Regression Analysis – Meaning and Importance of Scale Invariance in Regression Methods

partial least squaresregressionscale-invariance

I was just studying partial least squares regression, and I read that it is "not scale invariant". What does "scale invariant" mean, and why is partial least squares, and why would a regression methodology in general be, not "scale invariant"? Some examples to better illustrate exactly what this means would be greatly appreciated.

Best Answer

Scale invariance means that rescaling any or all of the columns will not change the results - that is, multiplying or dividing all the values from any variable will not affect the model predictions (ref). As @ericperkeson mentioned, rescaling in this manner is known as dilation (ref).
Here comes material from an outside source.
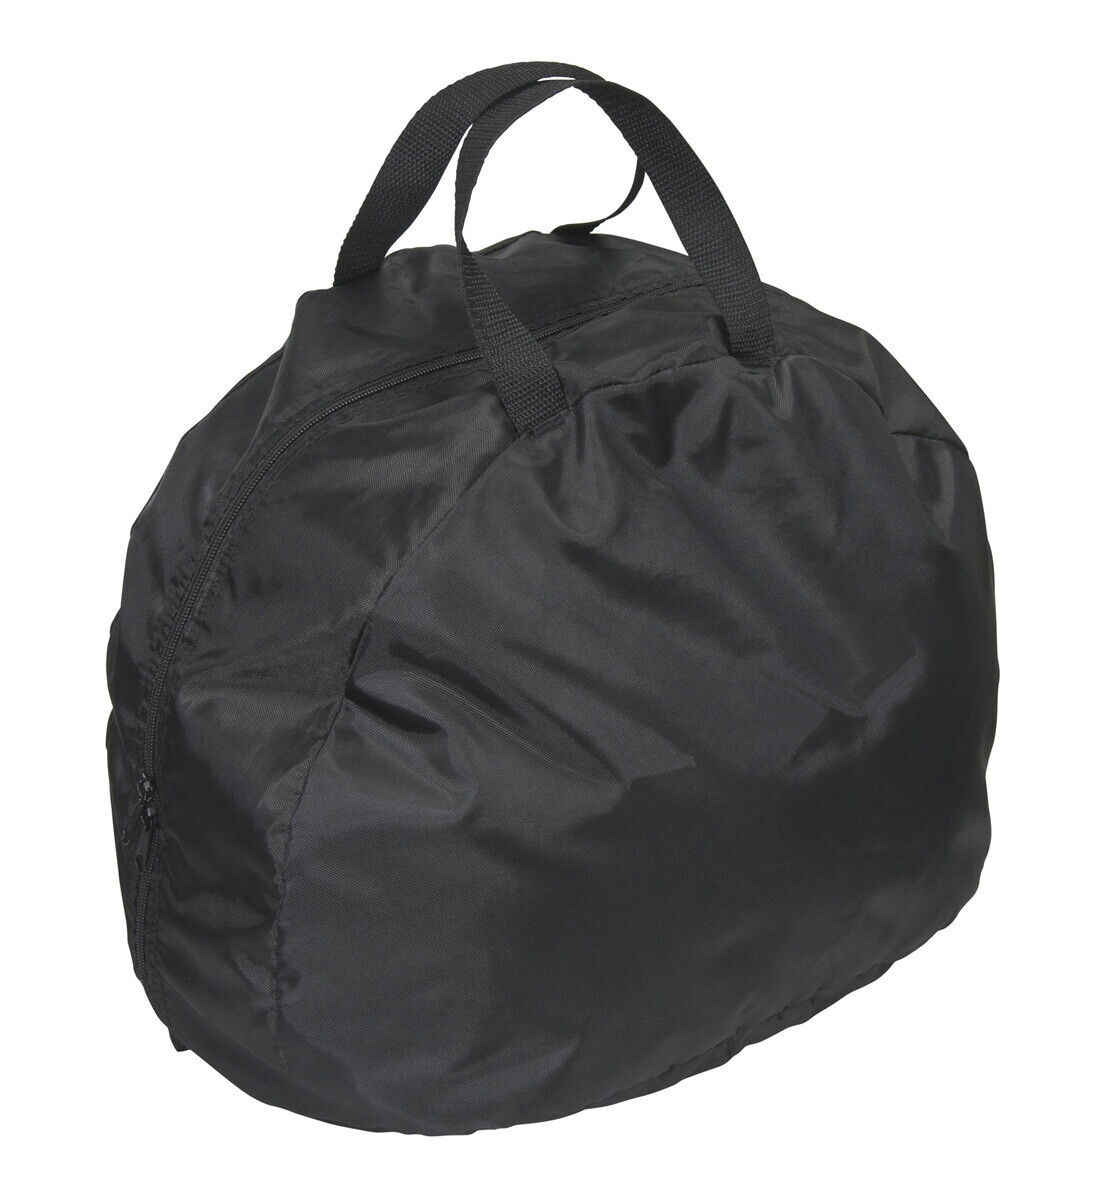 10 Lunatic Premium Helmet Bags - Brand New - Soft Lining - Black

Scale invariance for metrics about contingency tables refers to rescaling rows as well as columns, though I don't believe it applies here (see the scaling property section here).

As to why PLSR is not scale invariant, I'm not completely certain, but I'll leave notes on what I've learned and possibly a better mathematician can clarify. Generally, regression with no regularisation (e.g. OLS) is scale invariant, and regularised regression (e.g. ridge regression) is not scale invariant, because the minimisers of the function change (ref).

Now, I can't see an explicit penalty term in PLSR, but I it's constrained in a similar way to PCA. PCA chooses the axes of maximal variance - so if you rescale a variable, the variance relative to other variables can change (ref). PLSR tries to find the ' multidimensional direction in the X space that explains the maximum multidimensional variance direction in the Y space', hence rescaling an input can change the direction of maximum variance (ref).